We “can express the thoughts of Hamlet,” wrote Virginia Woolf in 1930, “but let a sufferer try to describe a pain in his head to a doctor and language at once runs dry.” Even acute agony is so shifty, vague, embodied, and (at times) transcendental, it defies meaningful description. Stub your toe and it’s hard not to be hyperbolic, if not blasphemous. People say a pain “feels like getting stabbed,” even if they have never been stabbed and therefore have no idea what it actually feels like to be stabbed. Henry Saul Zolinsky resorted, lyrically, if not effectively, to verse:

It is

The hush that falls

When screaming chords, drawn taut,

Break with a sudden snap!—and then


People in Japan have “musk deer headaches,” and a hurting person in India might invoke “parched chickpeas.” The British “splitting headache!”—which was my mother’s go-to when we made a fuss—is no less peculiar. When trying to describe my shingles, I settled, in my delirium, to calling it “a jaunty hat of pain.” My uncle, who is fighting (bravely) against Lymphoma, says he feels that a cuckoo is trapped in his body, trying desperately to escape. I’m pretty sure he has never swallowed a live bird, and yet, like so many of Bourke’s sufferers, that’s as close as he can get to describing what he feels. As she points out, these descriptions, however bizarre and hyperbolic, still matter. By verbalizing how a pain feels, we are informing the way we feel it.

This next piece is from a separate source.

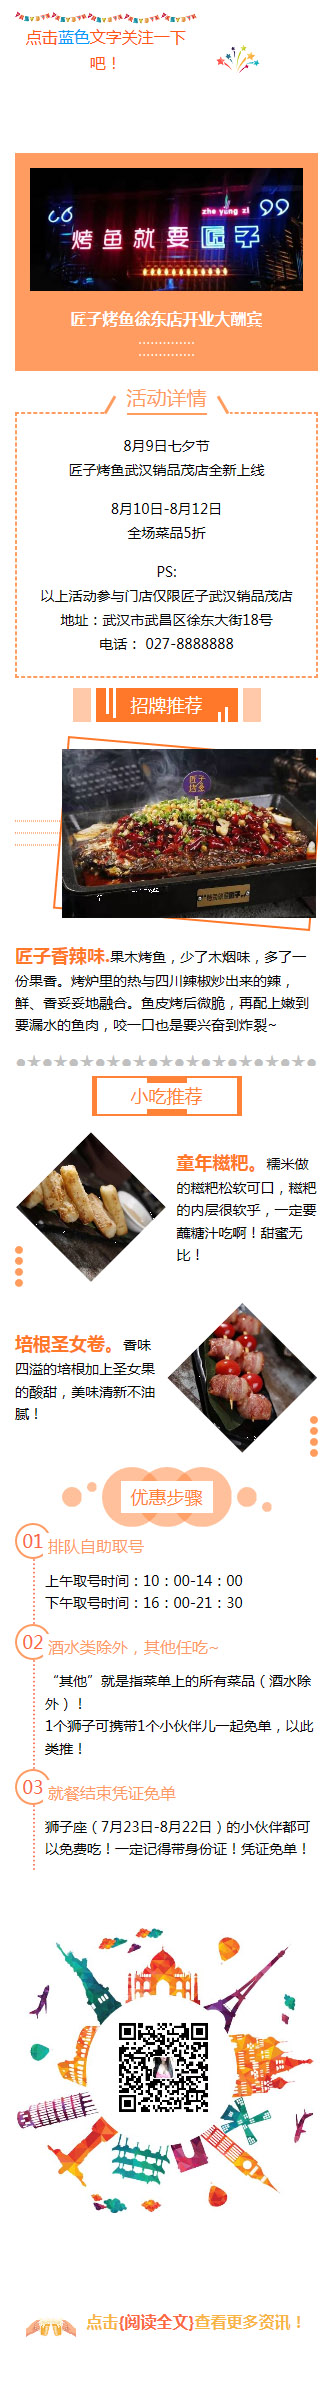 新店开业广告宣传推广美食餐饮模板

Grandparents everywhere will tell you that we’re not as tough as we used to be. Though Bourke, who admits to having a very low pain tolerance, hesitates to be declarative, the book lends credence to this view. While reading in Prospect Park about a particularly gruesome surgery on an un-anaesthetised pauper named Townend, (who was told by a doctor that a mere flinch might cost his life), I watched as a small boy, having been assailed by a bee, wailed impressively as though he’d lost a limb. Townend, meanwhile, didn’t peep as the doctor’s blade pierced his skin—the pain, which he channelled into a religious experience, “was exquisite.”

The Story of Pain is full of harrowing first-hand accounts of excruciating pain like Townend’s. This is not a book for the squeamish. Even the hardiest readers will squirm at some passages. Indeed, as Bourke points out, fMRI studies show that it is possible to experience physical pain just by witnessing it—and this book feels, at times, like proof of that.

But on balance, reading The Story of Pain is more pleasant than painful. Bourke has, for the most part, put together a fantastic, compelling, and engaging history. She writes scrupulously and generously. Her thesis, that pain can be better analyzed if thought of as an event, feels like an academic exercise—unnecessary and a little forced. Thankfully, within a hundred pages or so, she drops the argument and lets the primary sources guide her writing. This material is so rich, and the author’s connective tissue so fine, that it is easy to forgive the occasional clunky theoretical move, and focus instead on the action.

Bourke, whose previous titles include Fear: A Cultural History, is by training and reputation a chronicler of forgotten and downtrodden historical actors. When she turns her attention to the pain of these figures, especially in the final and best chapter, “Pain Relief,” she hits her stride. “There was and still is nothing democratic about pain,” she writes. The history of suffering and treatment is tied up with racism, classism, and sexism (just consider the phrase “take it like a man”). Bourke shows that the burden of suffering still falls disproportionately on women, minorities, and the impecunious. “Poor people can’t expect to drive a Rolls-Royce,” says one particularly unsympathetic anaesthesiologist, whom Bourke quotes, “so why should they expect to receive the Cadillac of anaesthesia for free?” It’s so unfair that it hurts, which is exactly Bourke’s point.

Arthur Holland Michel is a writer and editor living in Brooklyn. He is the codirector of the Center for the Study of the Drone at Bard College.